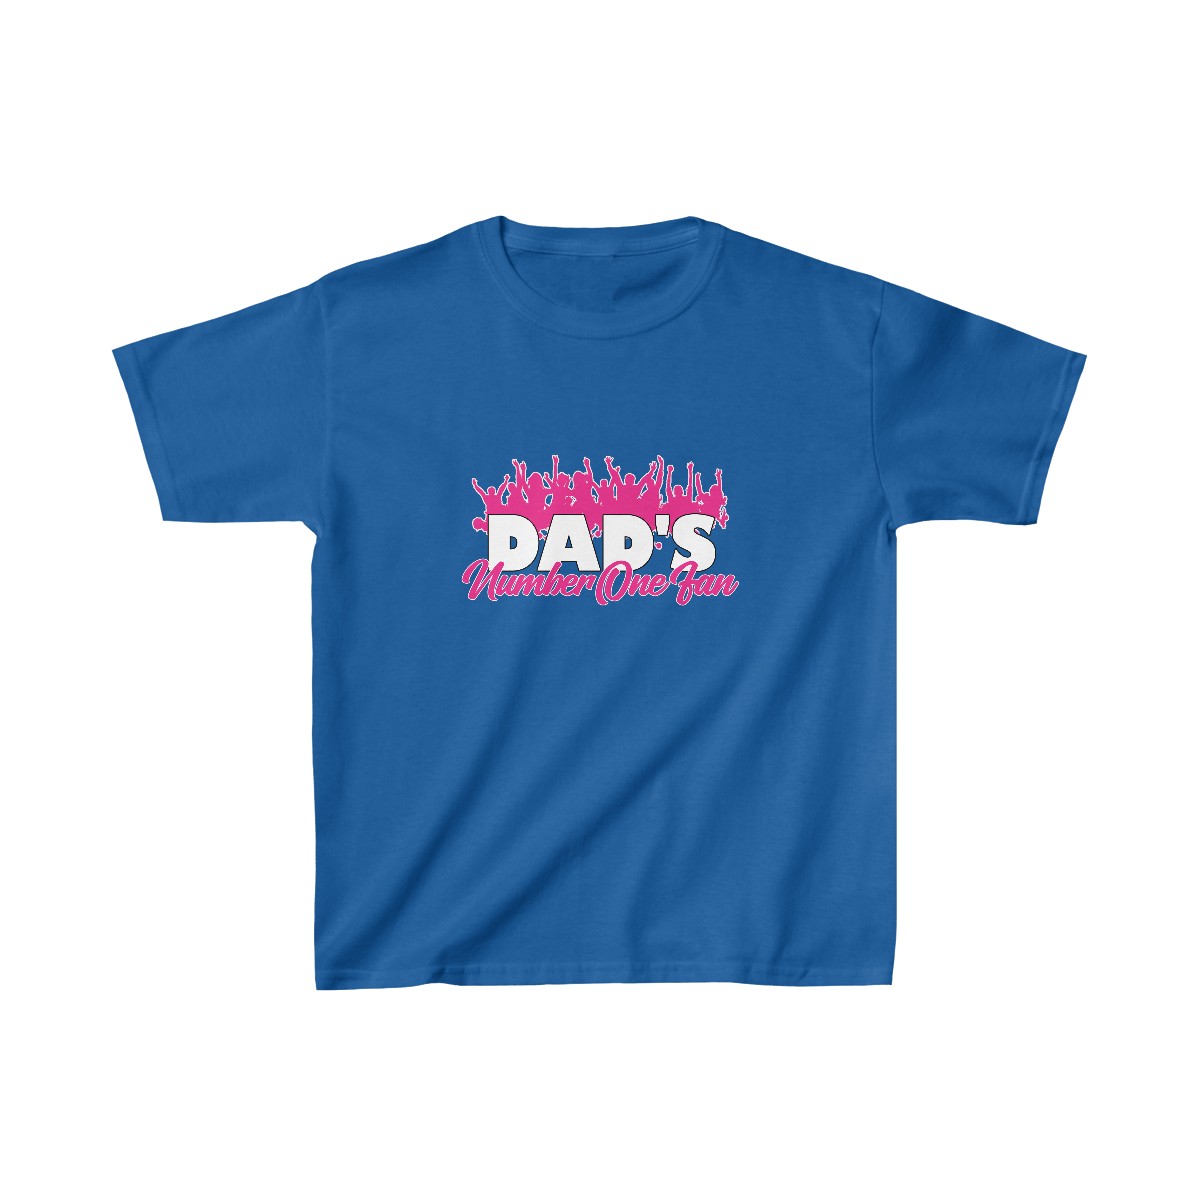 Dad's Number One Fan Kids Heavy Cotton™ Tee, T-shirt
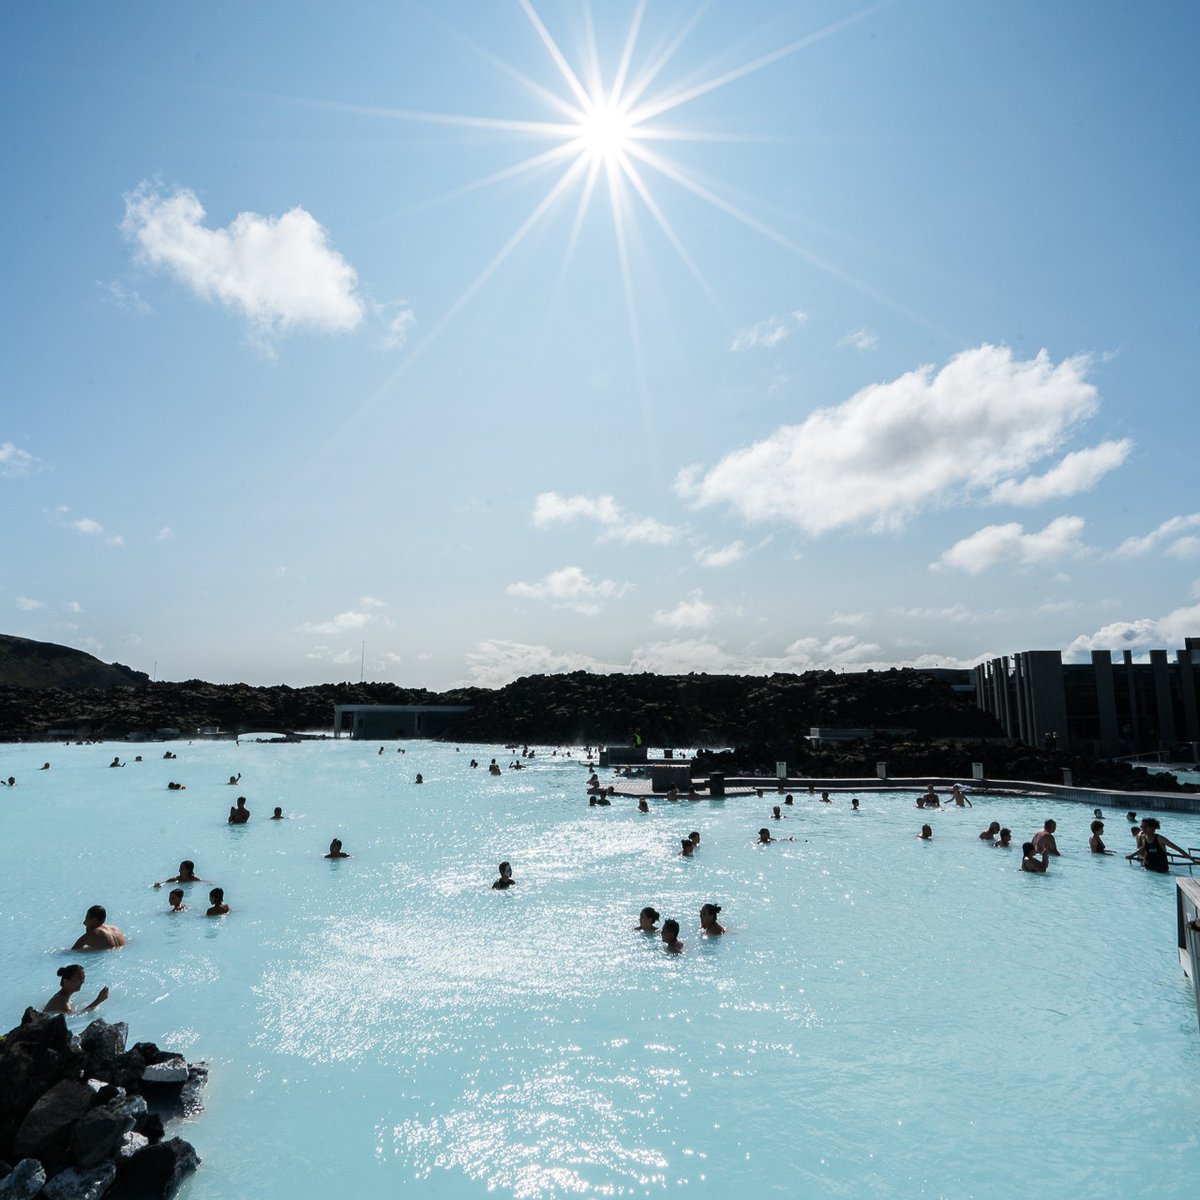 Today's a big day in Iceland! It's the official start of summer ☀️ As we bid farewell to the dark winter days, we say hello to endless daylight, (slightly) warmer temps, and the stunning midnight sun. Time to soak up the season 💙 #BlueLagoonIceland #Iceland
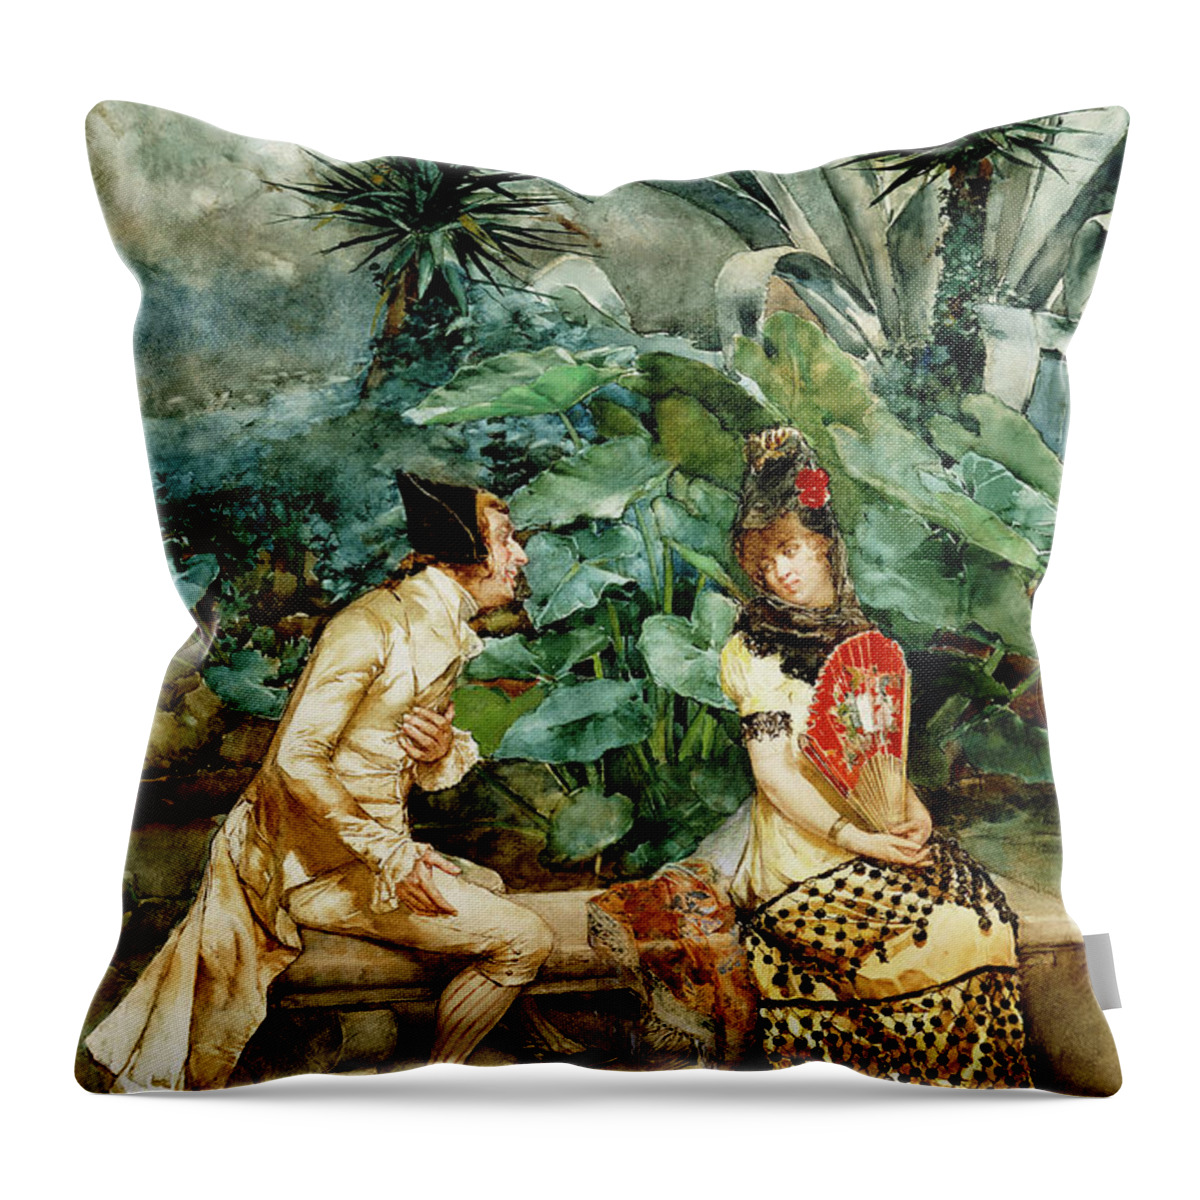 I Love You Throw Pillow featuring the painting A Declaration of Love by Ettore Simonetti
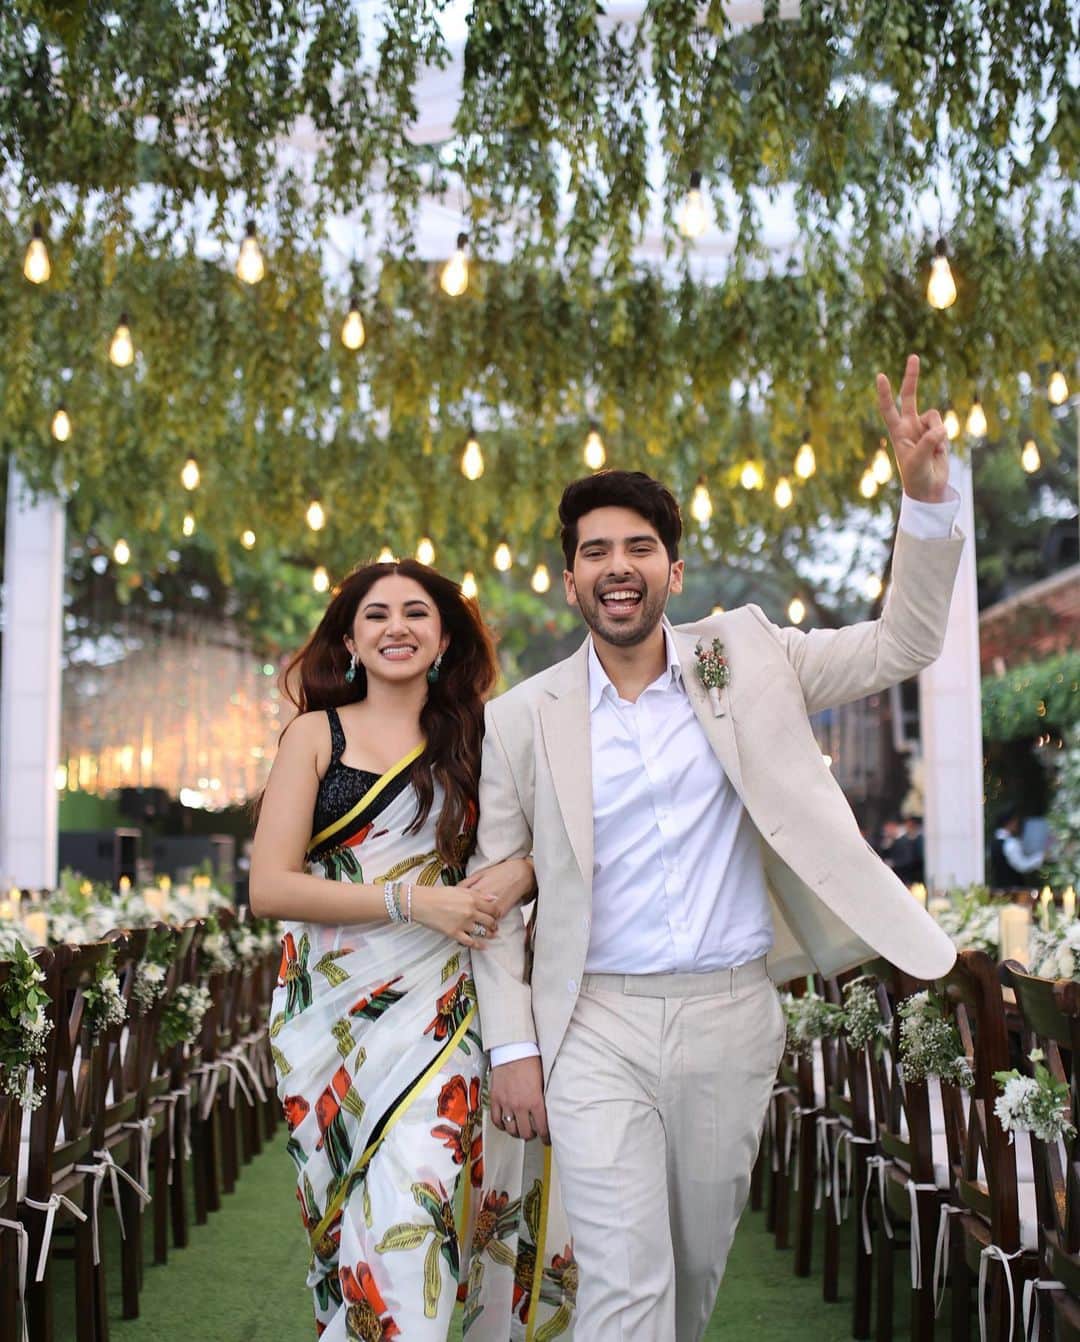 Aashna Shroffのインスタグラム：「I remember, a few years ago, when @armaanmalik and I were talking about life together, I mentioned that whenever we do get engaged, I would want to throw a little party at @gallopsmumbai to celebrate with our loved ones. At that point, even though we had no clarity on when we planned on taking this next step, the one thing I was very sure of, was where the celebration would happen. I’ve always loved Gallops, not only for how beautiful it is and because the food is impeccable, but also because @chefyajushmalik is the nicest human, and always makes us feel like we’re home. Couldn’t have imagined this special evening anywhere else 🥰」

Exercise requirements: Your copy should hold the lines from the one with "Today's a big" up to and including the one with "I Love You Throw", exactly as in the data above, and no pictures.

Exercise answer:
 Today's a big day in Iceland! It's the official start of summer ☀️ As we bid farewell to the dark winter days, we say hello to endless daylight, (slightly) warmer temps, and the stunning midnight sun. Time to soak up the season 💙 #BlueLagoonIceland #Iceland
 I Love You Throw Pillow featuring the painting A Declaration of Love by Ettore Simonetti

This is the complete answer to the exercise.